Now three months, a couple inspections, and about four thousand signatures later, she was a homeowner. Wanting something new, she’d ended up with something old instead, in this weird-ass tourist town.

Cassie picked up her phone and fired off a text to the group chat. Hope y’all are having a great Friday night! Can you believe I moved somewhere without DoorDash? She glanced at the time before putting her phone down. Would anyone answer? What would she be doing right now if she were back home in Orlando? Probably wrapping up happy hour, easily two margaritas in by now, debating whether to hit the Thai place around the corner or find a Tijuana Flats and load up on flautas and at least three selections from the hot sauce bar. Either one was a solid solution.

The sudden sense memory of biting into a crispy cheese roll at her favorite Thai place, the melty cheese and brittle egg roll wrapper shattering under her teeth, brought tears to her eyes. She missed those nights out. She missed her friends.

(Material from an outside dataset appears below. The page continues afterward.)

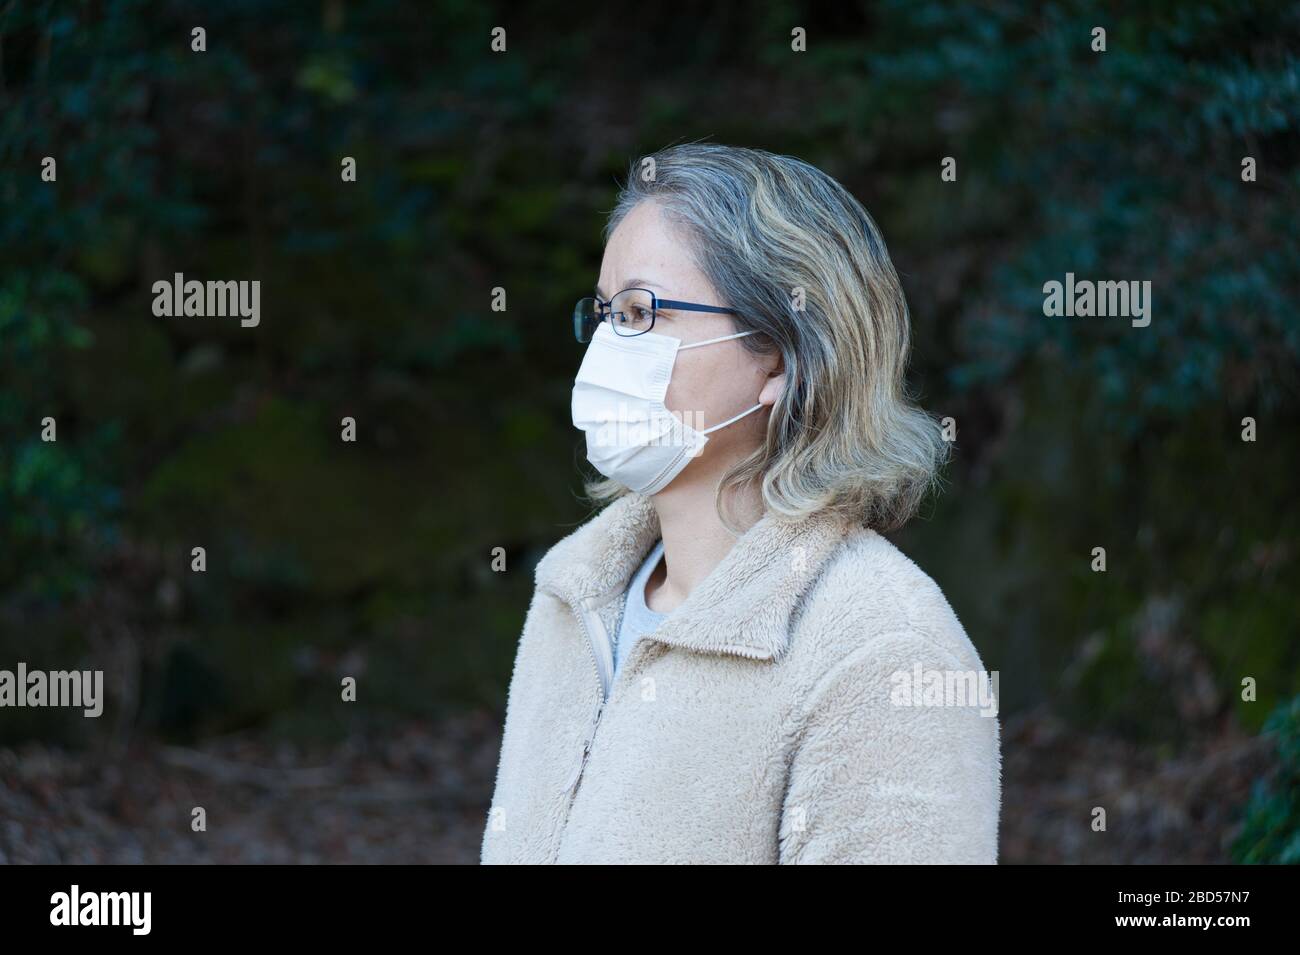 Woman 40-49 years outdoors, wearing glasses and white mask for protection against Coronavirus COVID-19 (SARS-CoV-2) and other contagious diseases. Stock Photo

Of course, that was all B.K.—Before Kids. Their solid group of six had dwindled one by one until Cassie was the only one unattached and ready to go on a Friday night. The other five would have to ask their husbands before going out—the hell?—or would be too busy with kids at home. Cassie missed those nights out, but truth be told, those nights had been over for a while now.

It was one thing to feel left out of the friend group, but to have left a big city like Orlando, with its many nightlife options, in favor of a tiny tourist town in the offseason…what had she been thinking coming to Boneyard Key? Making new friends as an adult in a new town, without the easy in of things like church or children, was all but impossible.

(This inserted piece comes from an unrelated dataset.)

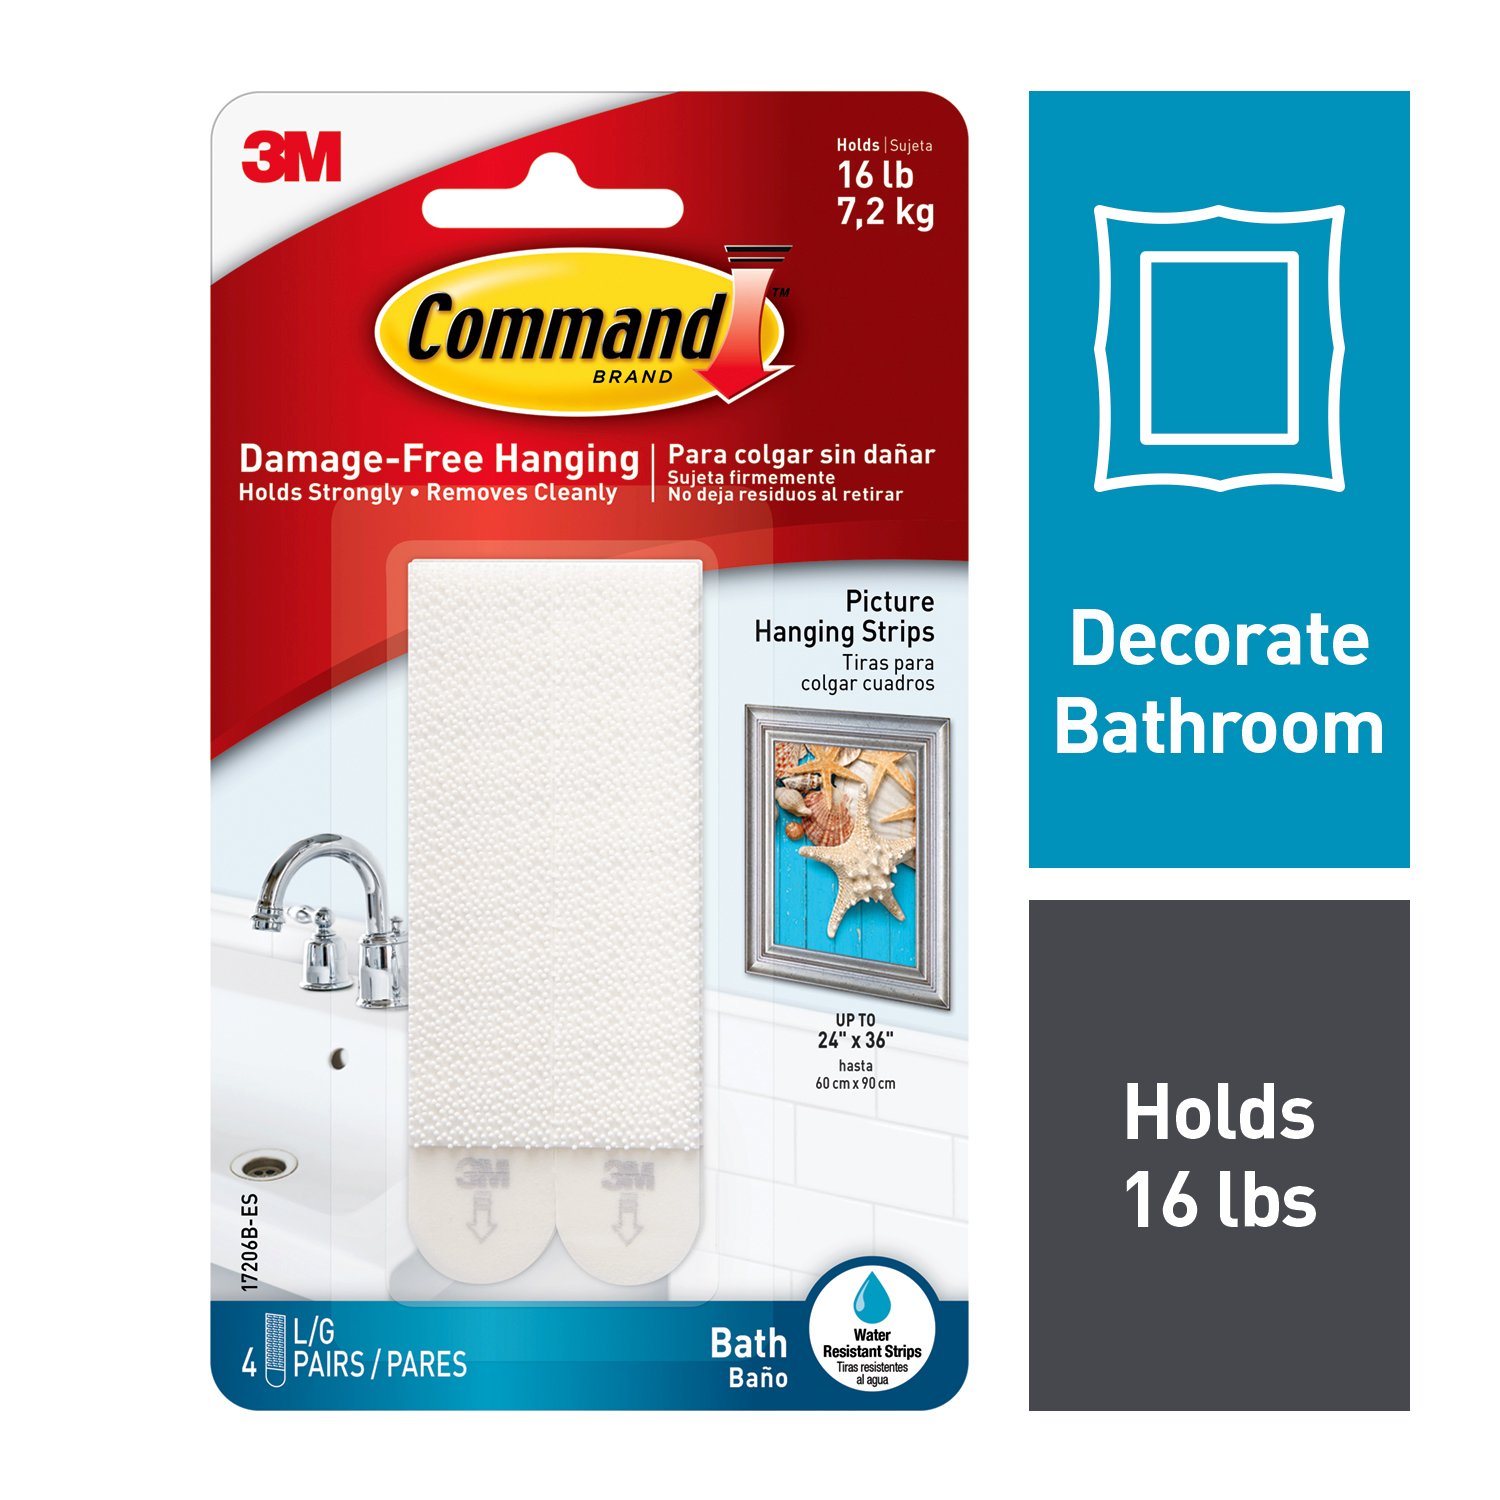 7100141327 - Command Large Bath Picture Hanging Strips 17206B-ES, Large

Her phone rattled on the side table, and she scooped it up, eager—and maybe a little desperate—for human contact. New messages in the group chat! She pulled it up: a photo of Monika and Christine, taken at the exact Thai restaurant whose crispy cheese rolls she’d been craving. Mamas Night Out! Hope you ladies can make it next time!

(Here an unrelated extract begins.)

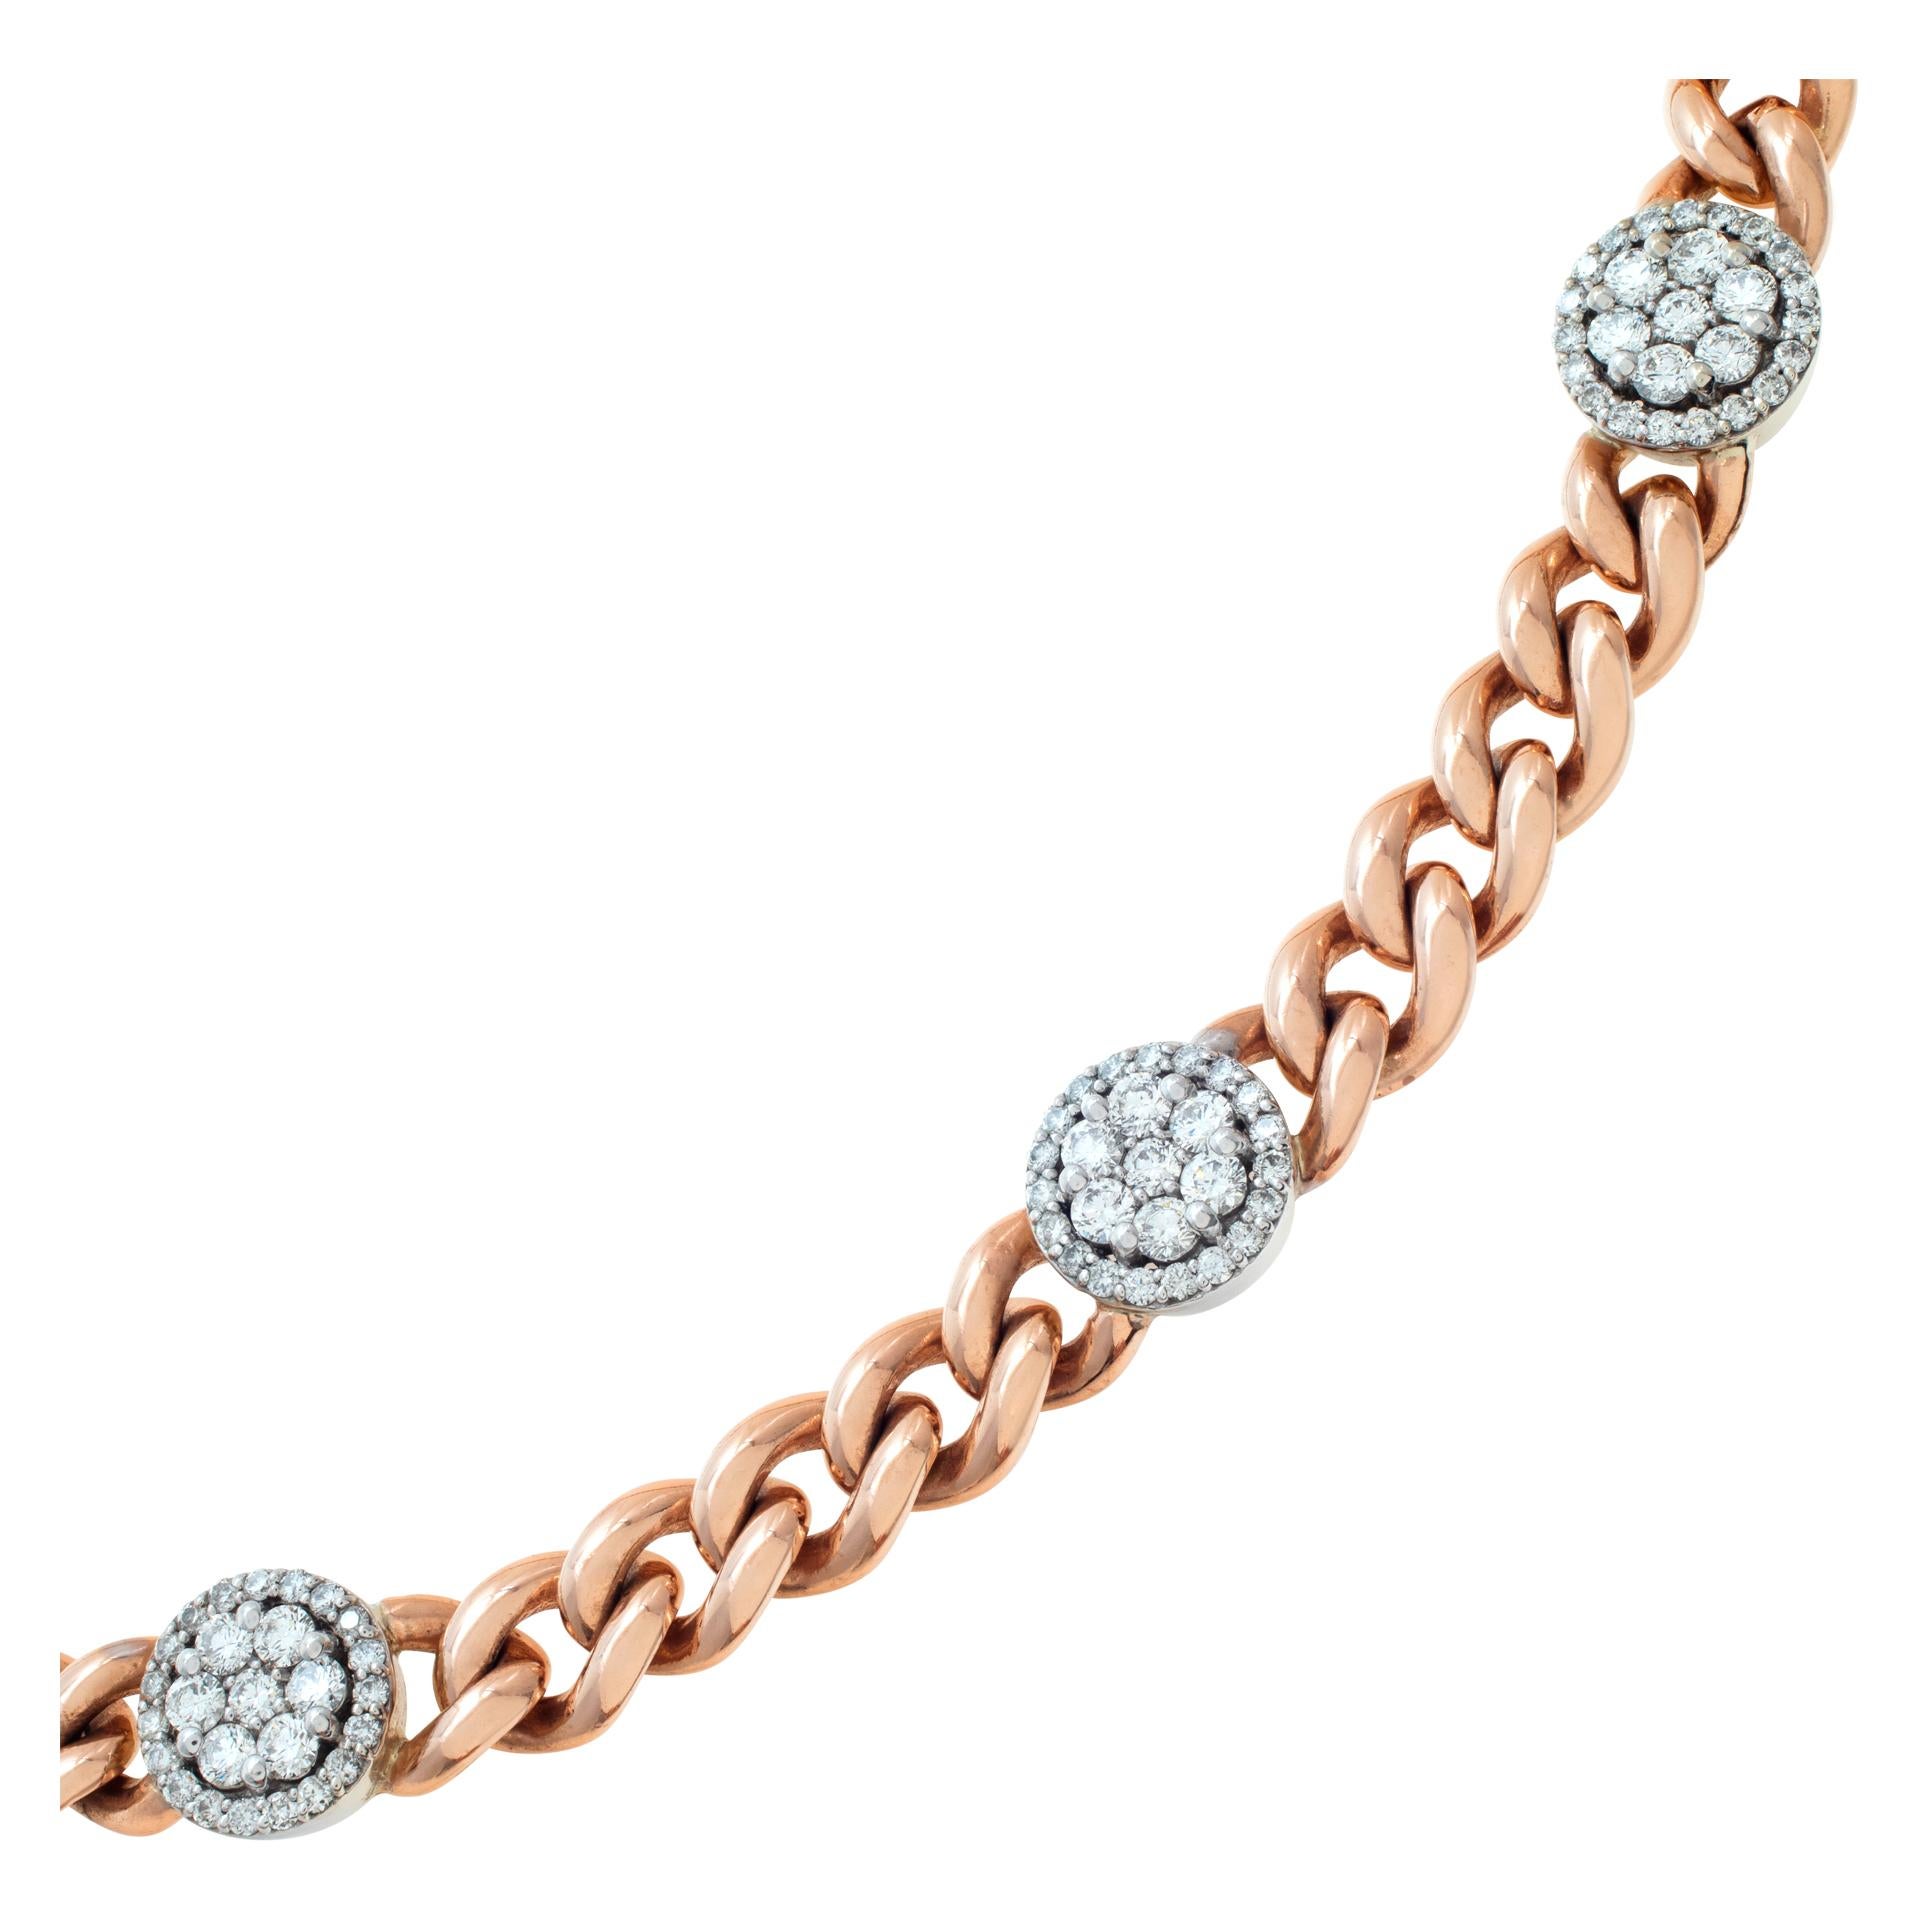 Fashionable 14k rose gold choker with diamond stations approximately 2.40 carats in G-H color, VS clarity diamonds. Length 13

Cassie read the message a second time to let the words really sink in, each one a little dart to the chest. “Mamas.” “Make it next time.” There was nothing about that text that was meant for Cassie. Meanwhile, her earlier message was just sitting there, read and unacknowledged. She may as well be invisible. She’d been missing them, and they didn’t even notice she was gone.

She tossed the phone back to the table. Screw it. Maybe a change of scenery was good for her after all. Sure, Boneyard Key didn’t have a Thai place. Or a taco place. But maybe soon she’d have the nerve to try out that seedy-looking oyster bar on the other side of the historic district, and she’d seen a pizza joint around here somewhere. And of course there was Hallowed Grounds—and its very hot, only slightly grouchy barista—though it was just a breakfast and lunch place that closed at two. But it wasn’t tourist season yet; it made sense to roll up the sidewalks in the late afternoon.

Cassie leaned back in her bistro chair, moodily sipping her wine as night fell. From behind the house, the Gulf lapped against the seawall like her own personal meditation app. The sound of the waves lulled her into a dreamy half sleep that had only a little to do with the large glass of wine in her hand.

Then the silence of the night was broken by a lilting feminine voice from across the street.

“And our next stop…This is the Hawkins House.”

The voice was directly below her. Cassie straightened up in her chair and peered down. The sun had fully set while she’d been out here brooding, and the darkened balcony gave her a tactical advantage. She could see them, but they couldn’t see her. A group of people stood on the sidewalk in front of her house—though “group” was being generous. Handful. A handful of people formed a rough semicircle, looking up at her house. Looking up at her. One person stood in front of them, with her back to the front door, a tour guide lecturing her audience.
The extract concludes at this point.